> _PROBLEM TO WORK ON_: The part below that opens with the line containing "The Star Woven Blanket" and closes with the line containing "Vintage Martini Crystal Glasses Set of 5 8" should be copied exactly, minus any pictures.

> _MATERIALS PROVIDED_:
· · ·

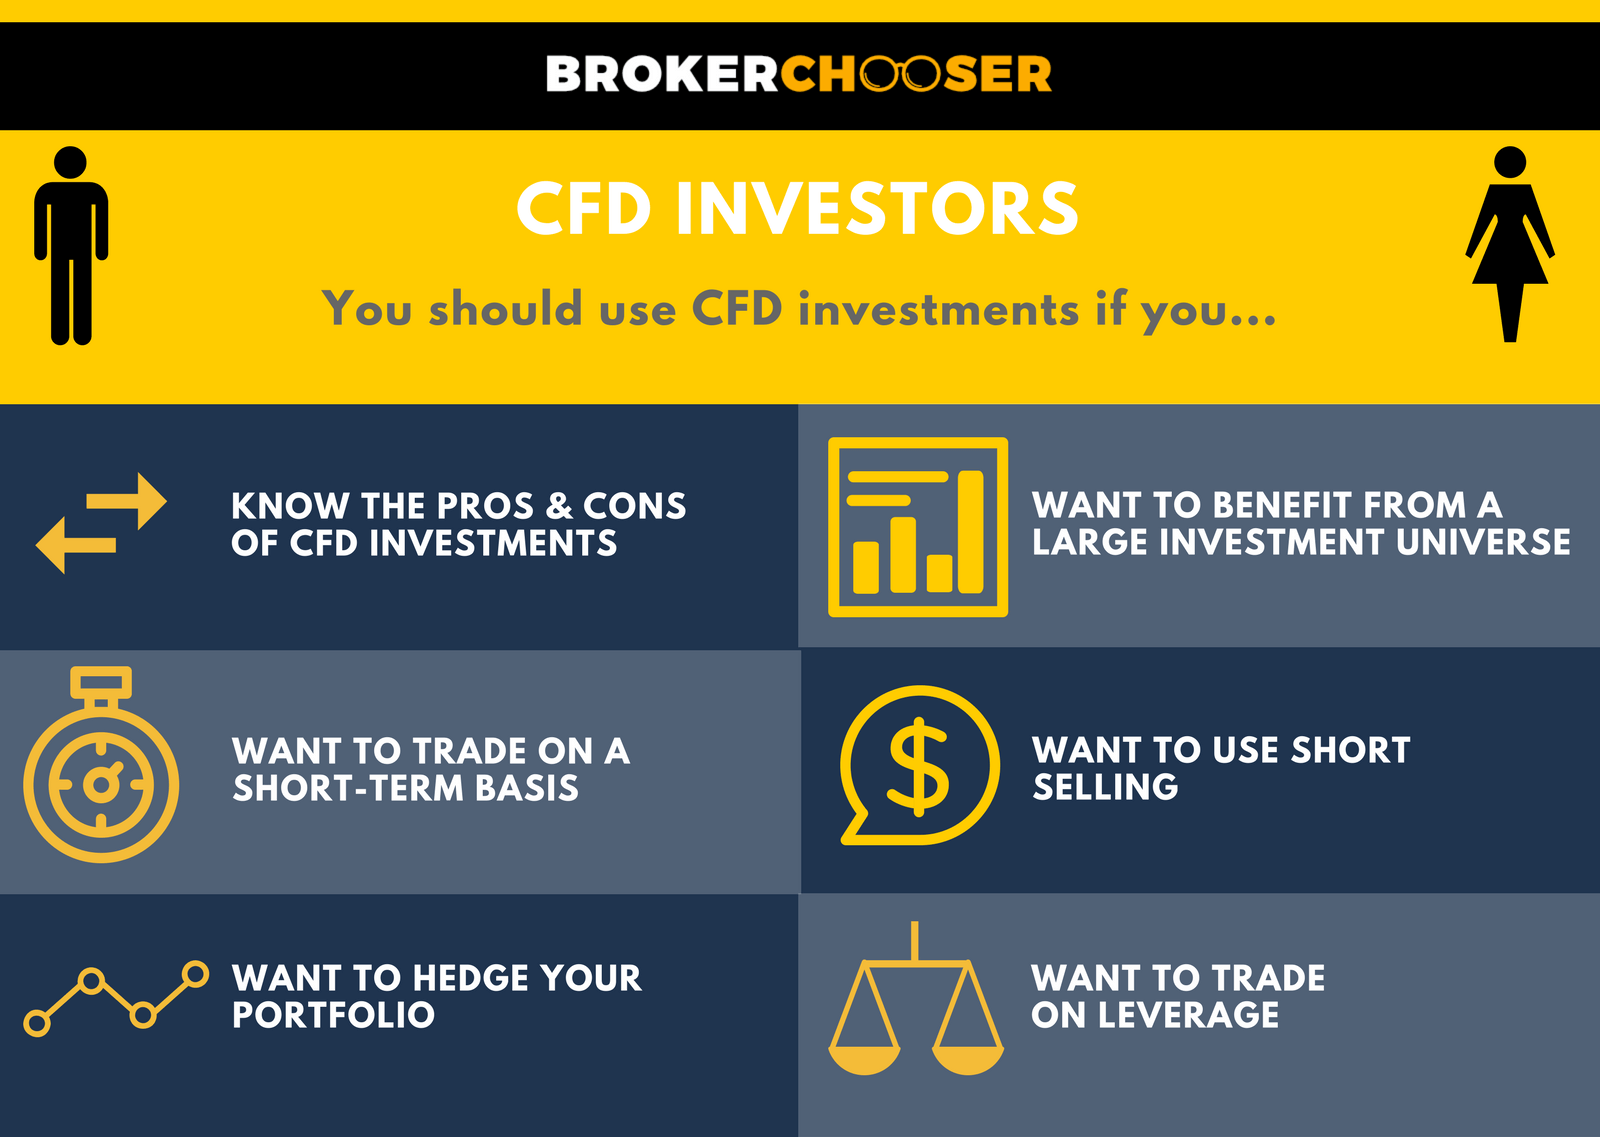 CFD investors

· · ·

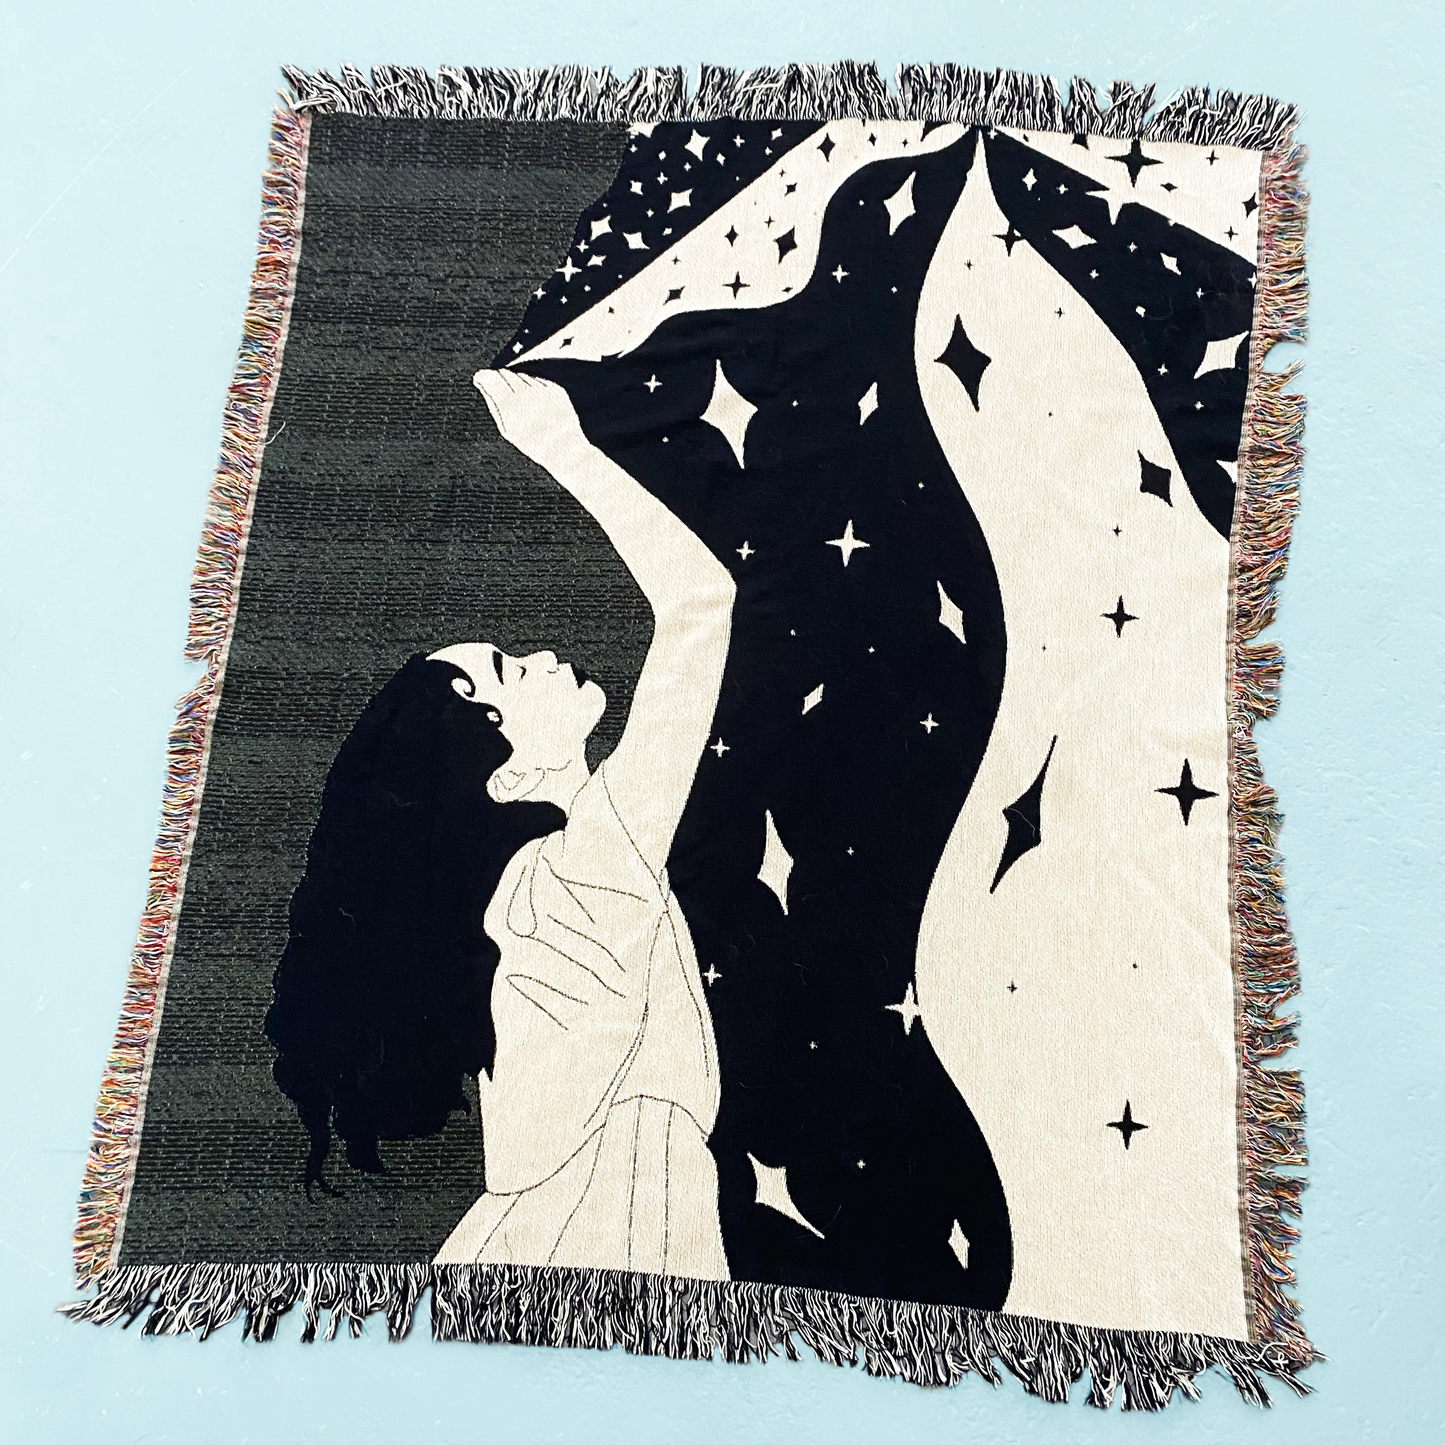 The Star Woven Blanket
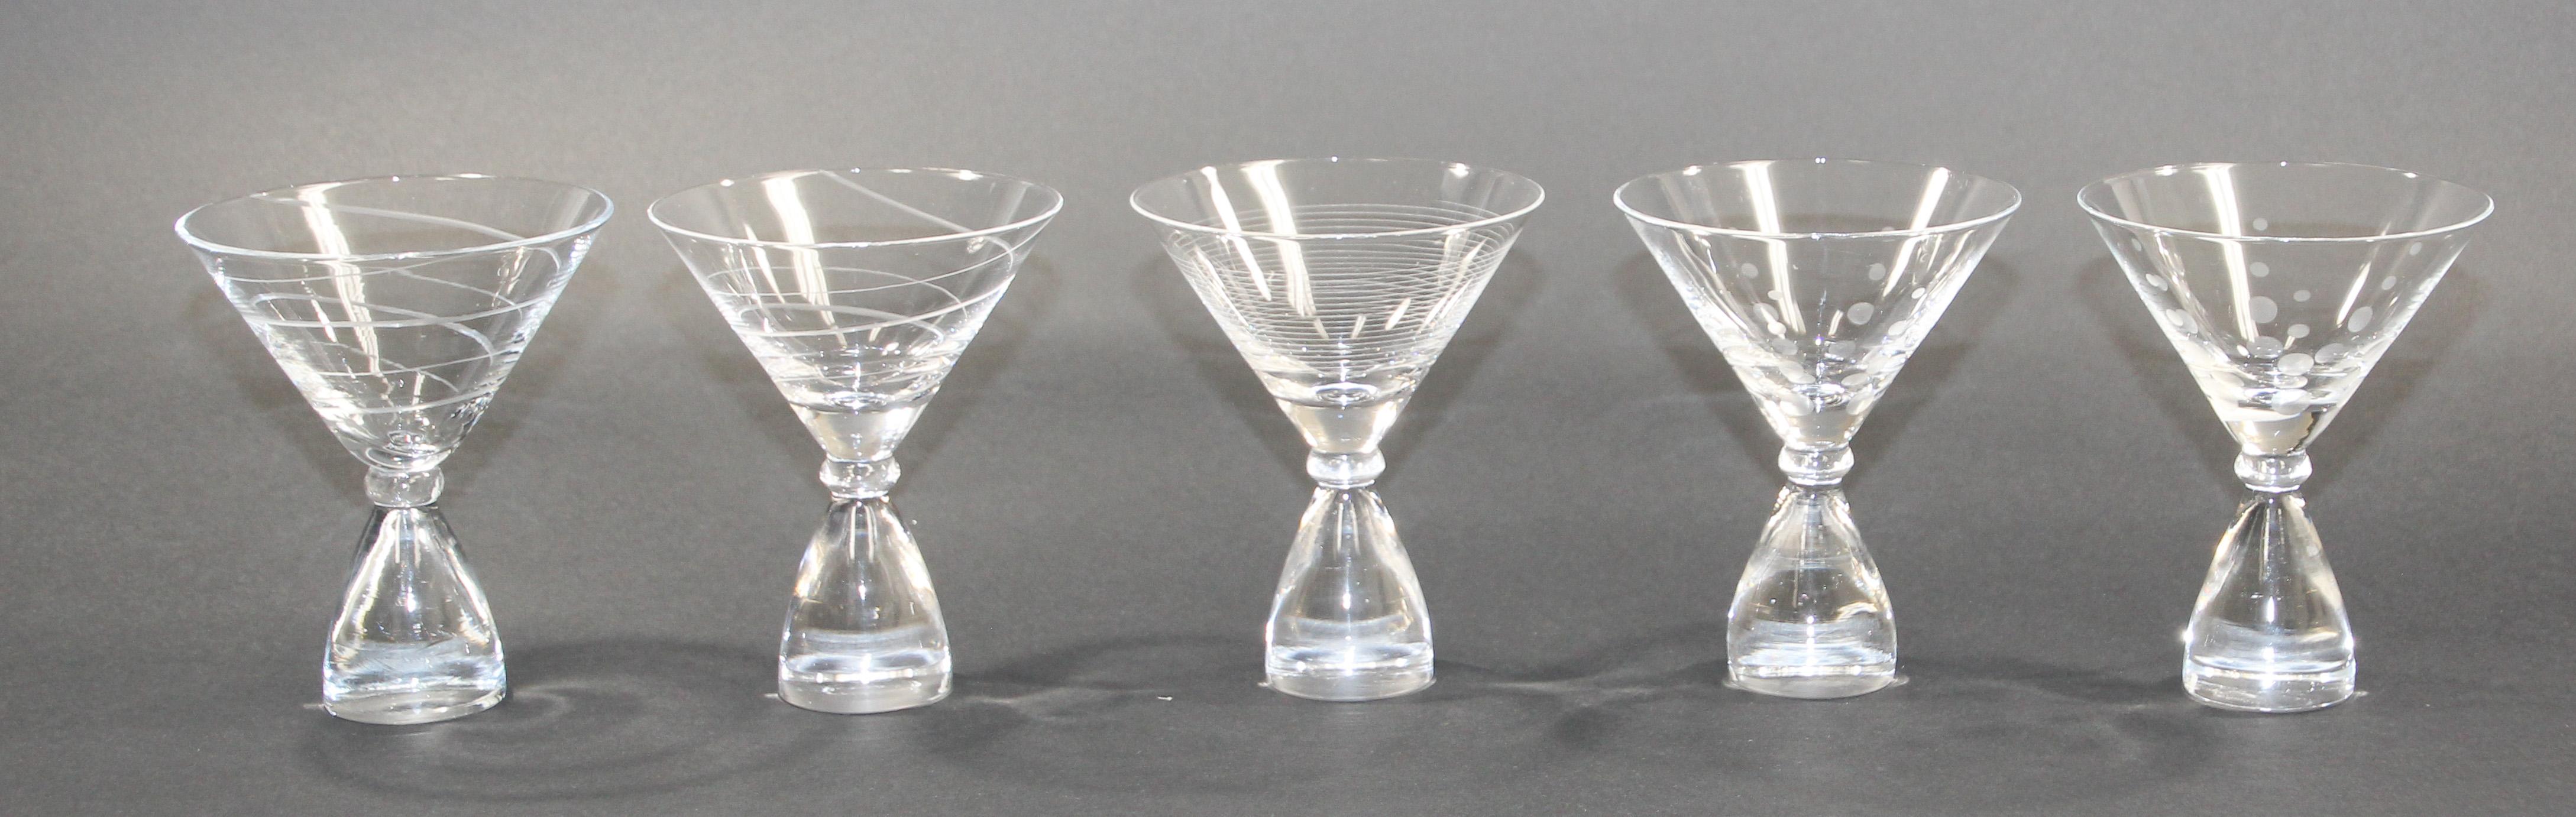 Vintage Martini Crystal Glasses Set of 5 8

· · ·

> _EXERCISE SOLUTION_:
 The Star Woven Blanket
 Vintage Martini Crystal Glasses Set of 5 8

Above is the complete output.